§ **Data shown**:
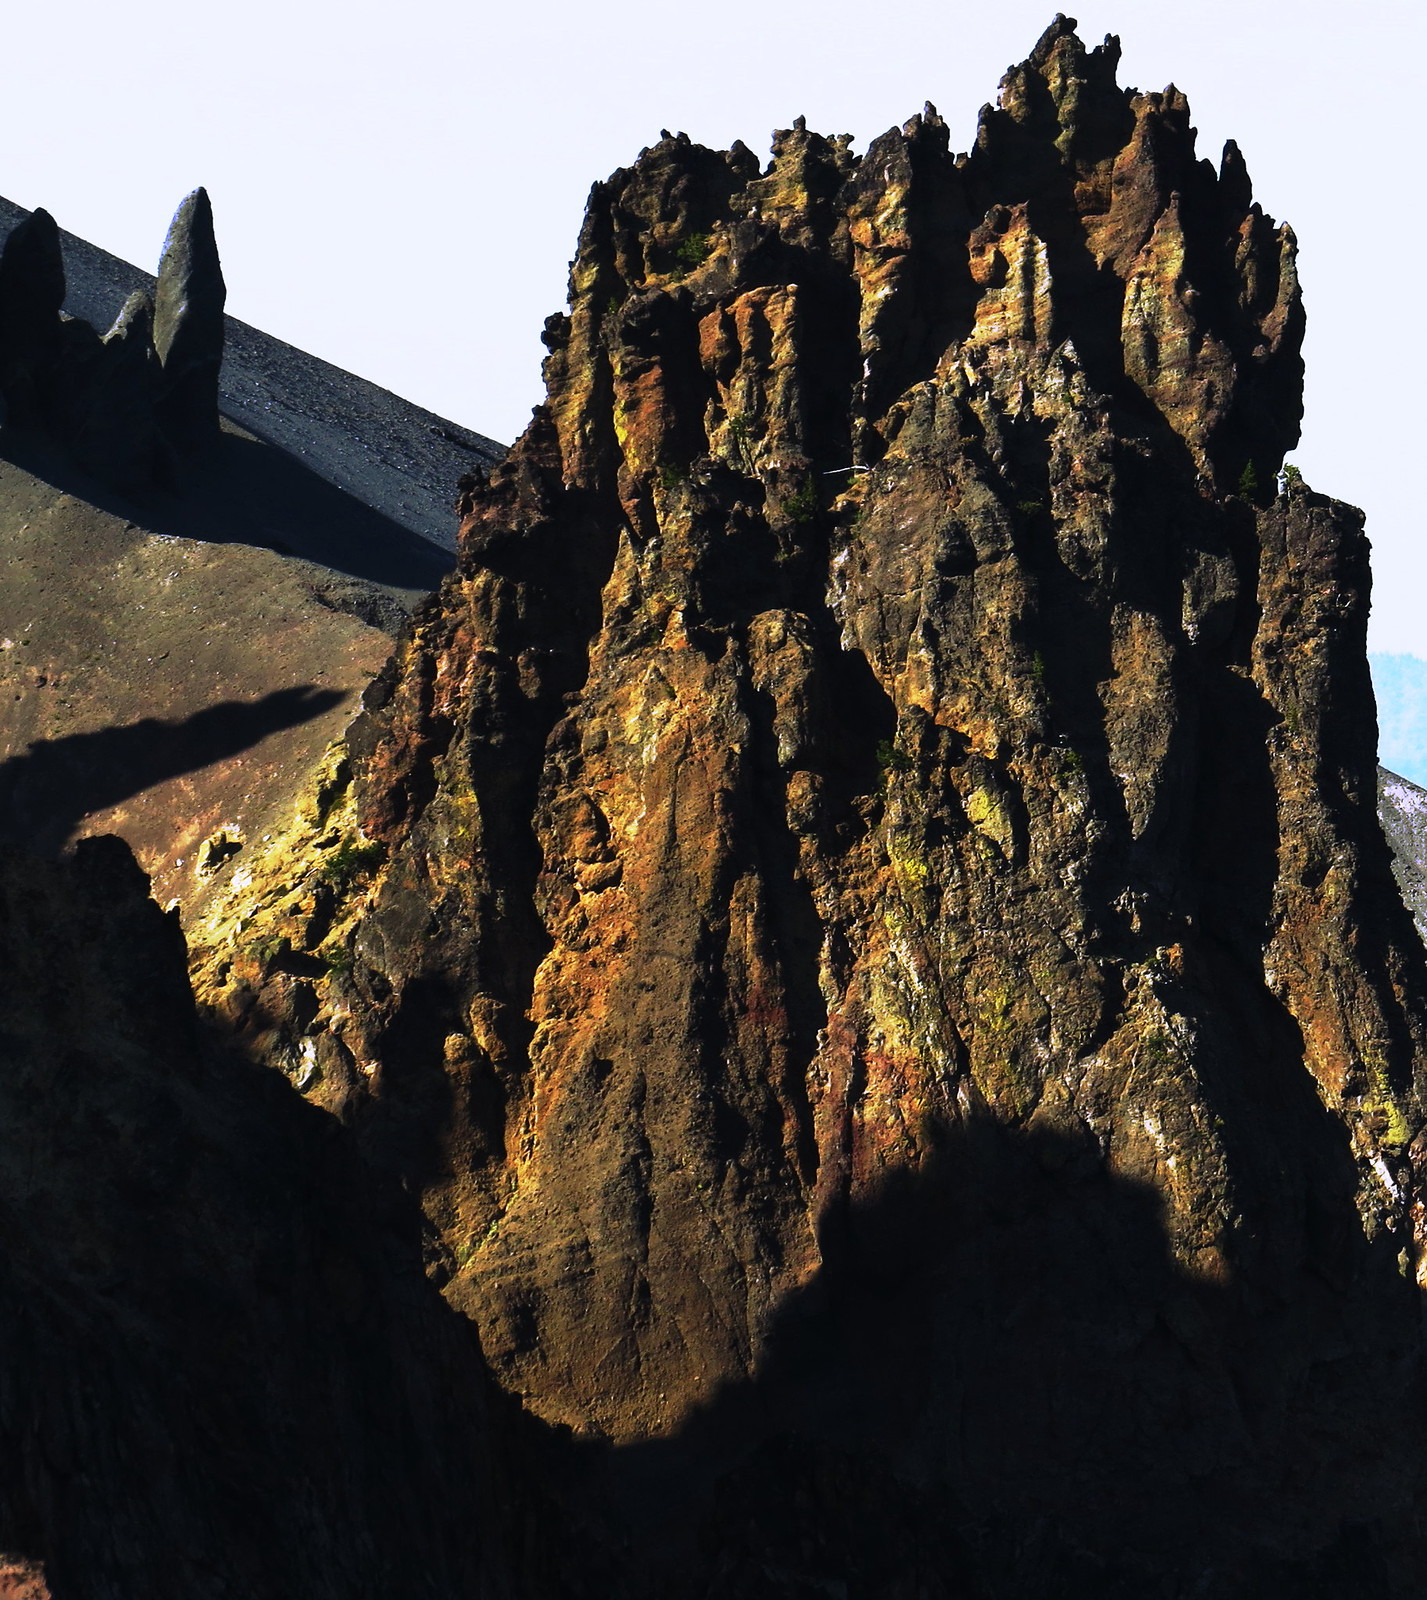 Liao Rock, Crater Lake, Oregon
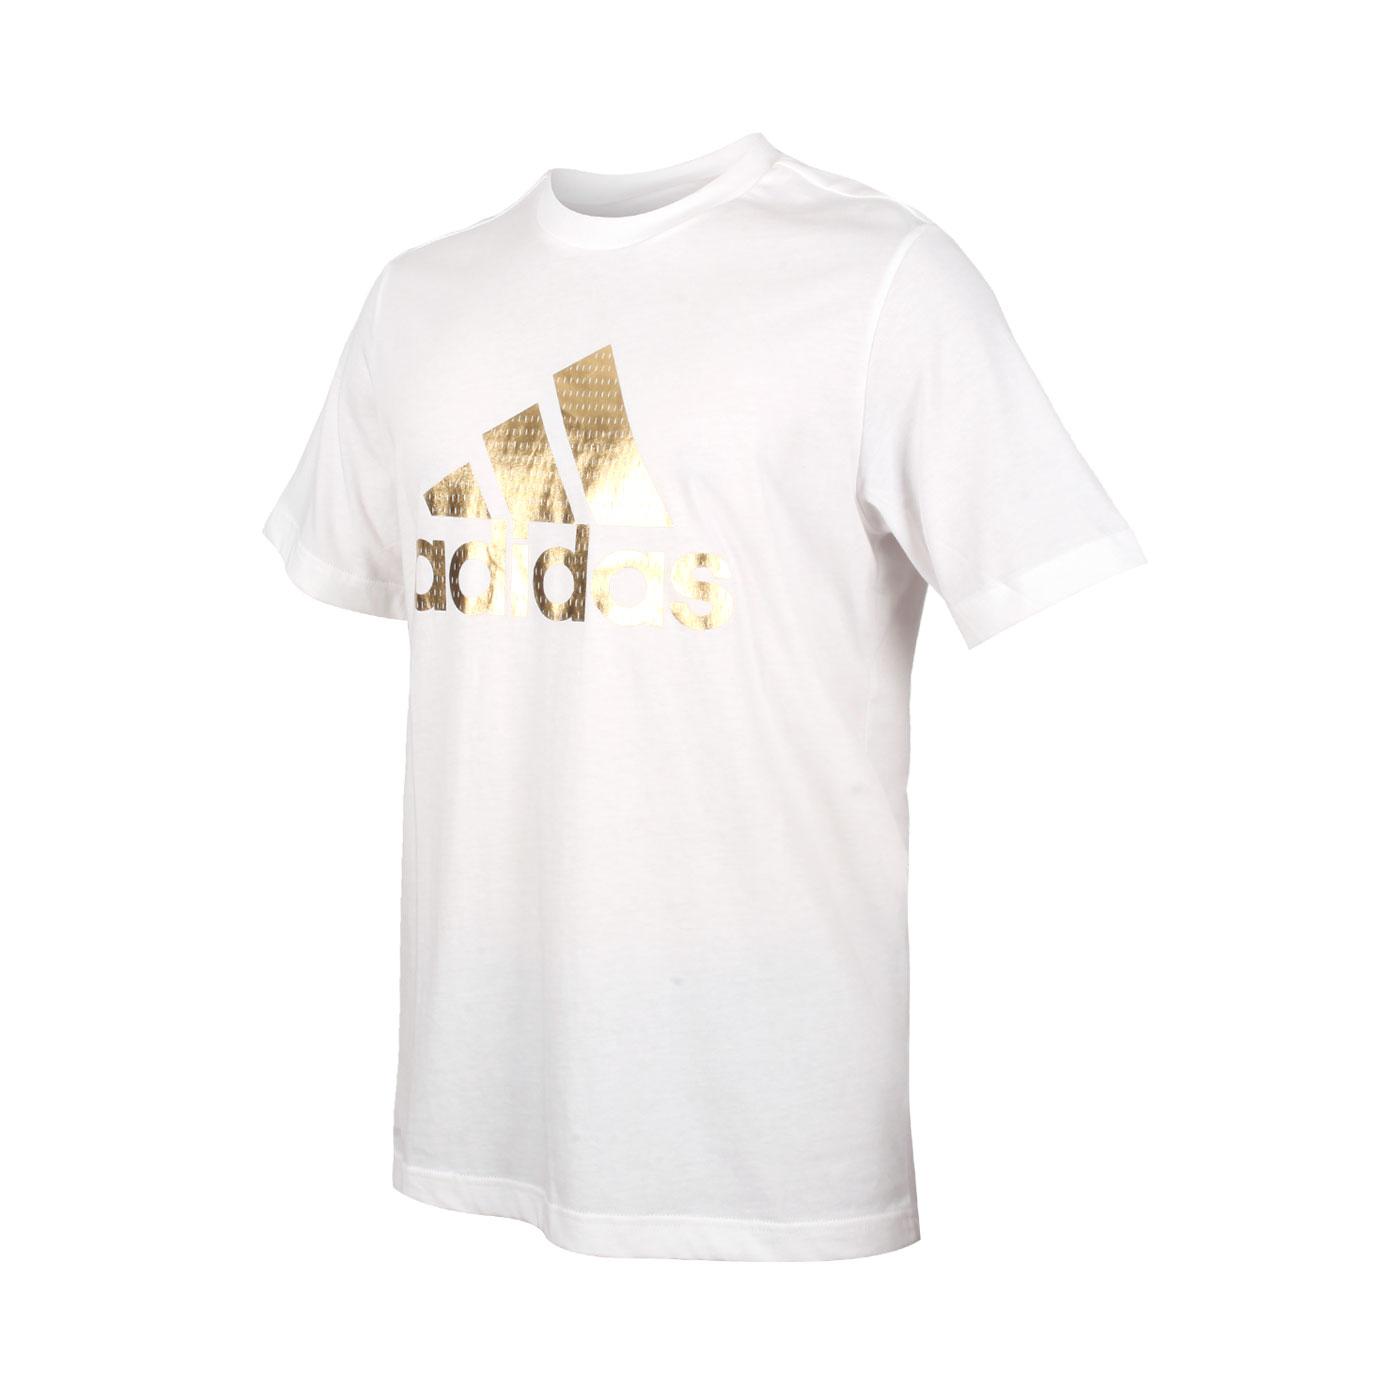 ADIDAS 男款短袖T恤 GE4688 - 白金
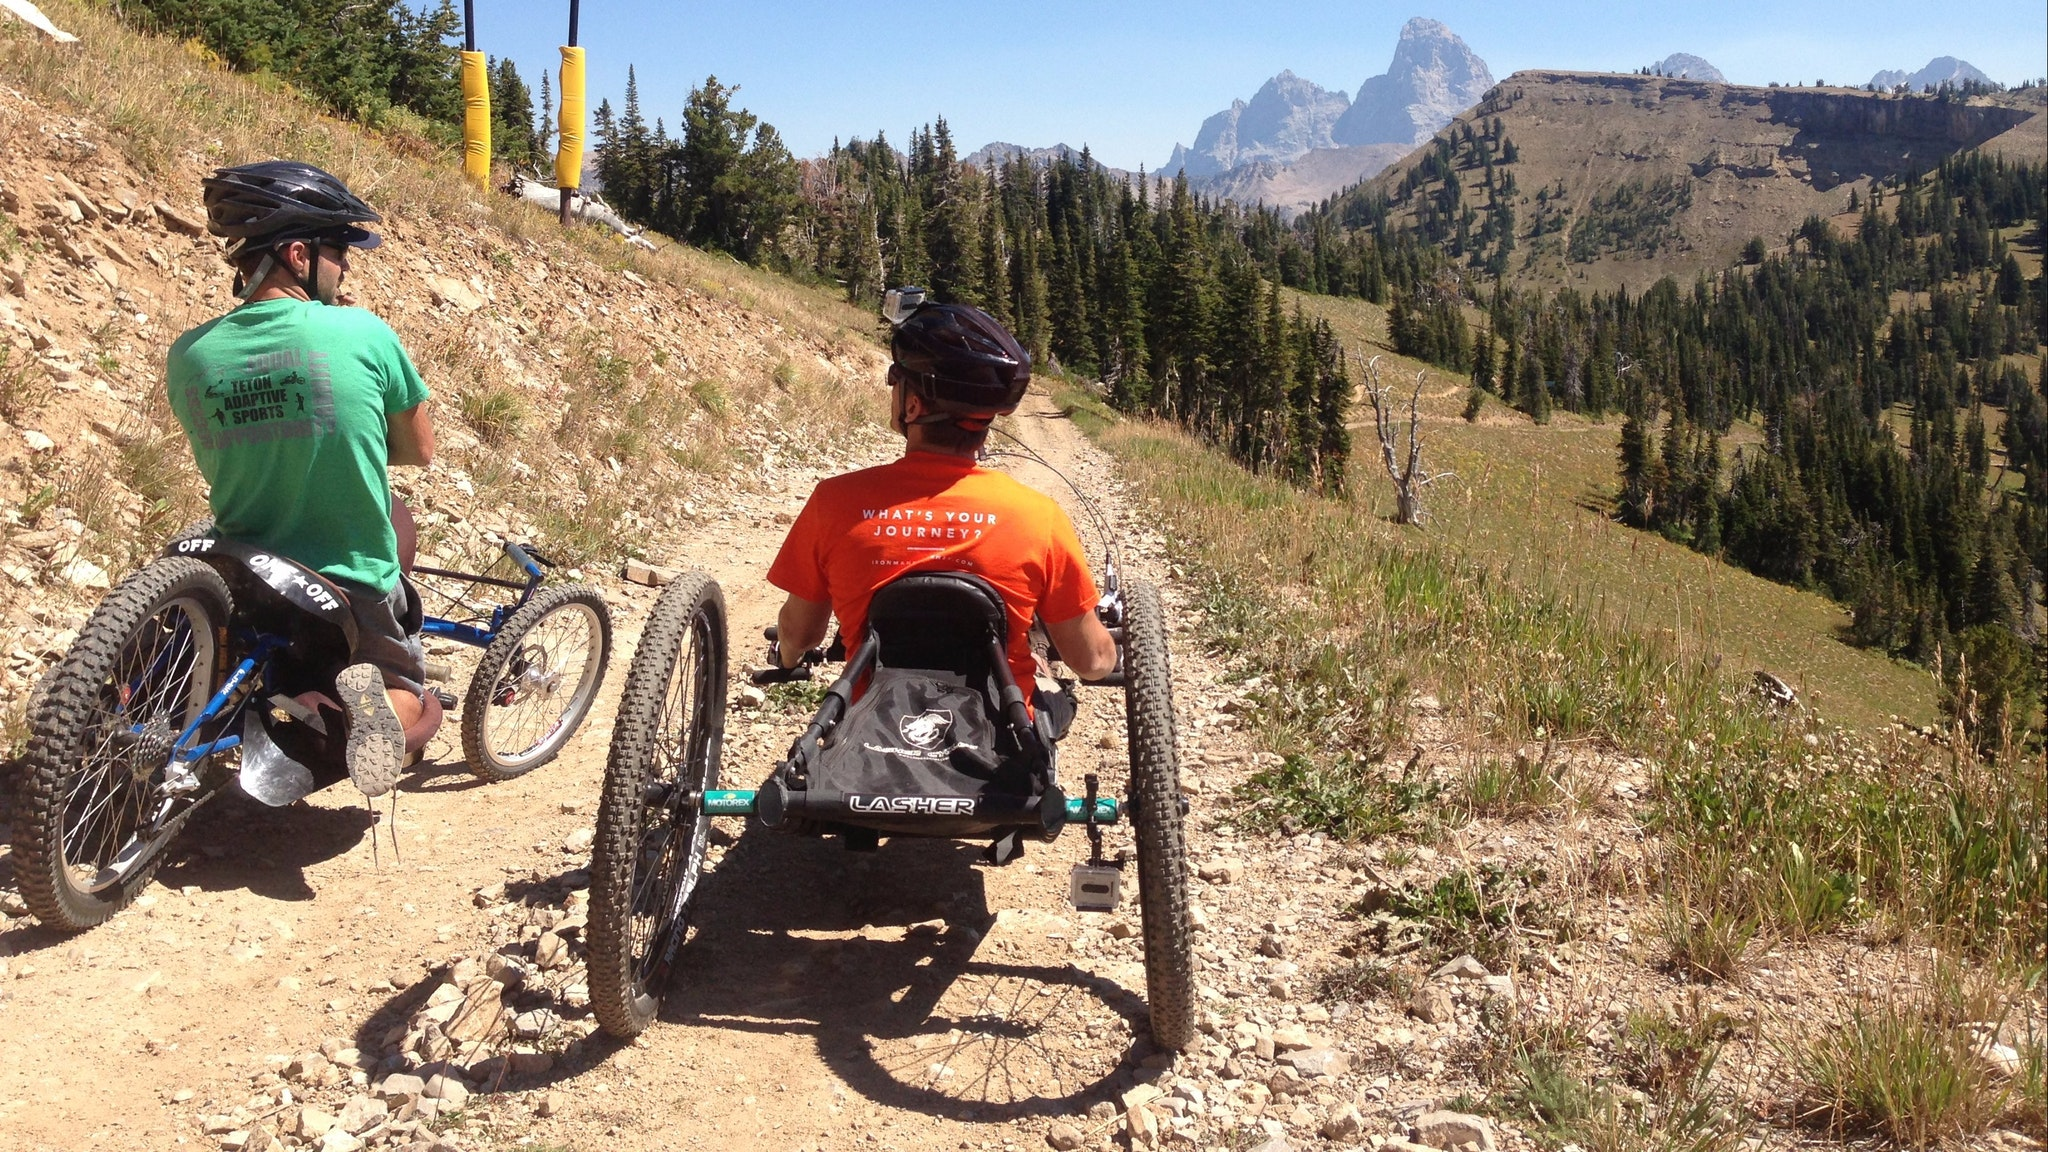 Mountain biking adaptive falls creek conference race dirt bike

§ **Task brief**: Go through the data and return every word of it verbatim, leaving out the pictures.

§ **Answer box**:
 Liao Rock, Crater Lake, Oregon
 ADIDAS 男款短袖T恤 GE4688 - 白金
 Mountain biking adaptive falls creek conference race dirt bike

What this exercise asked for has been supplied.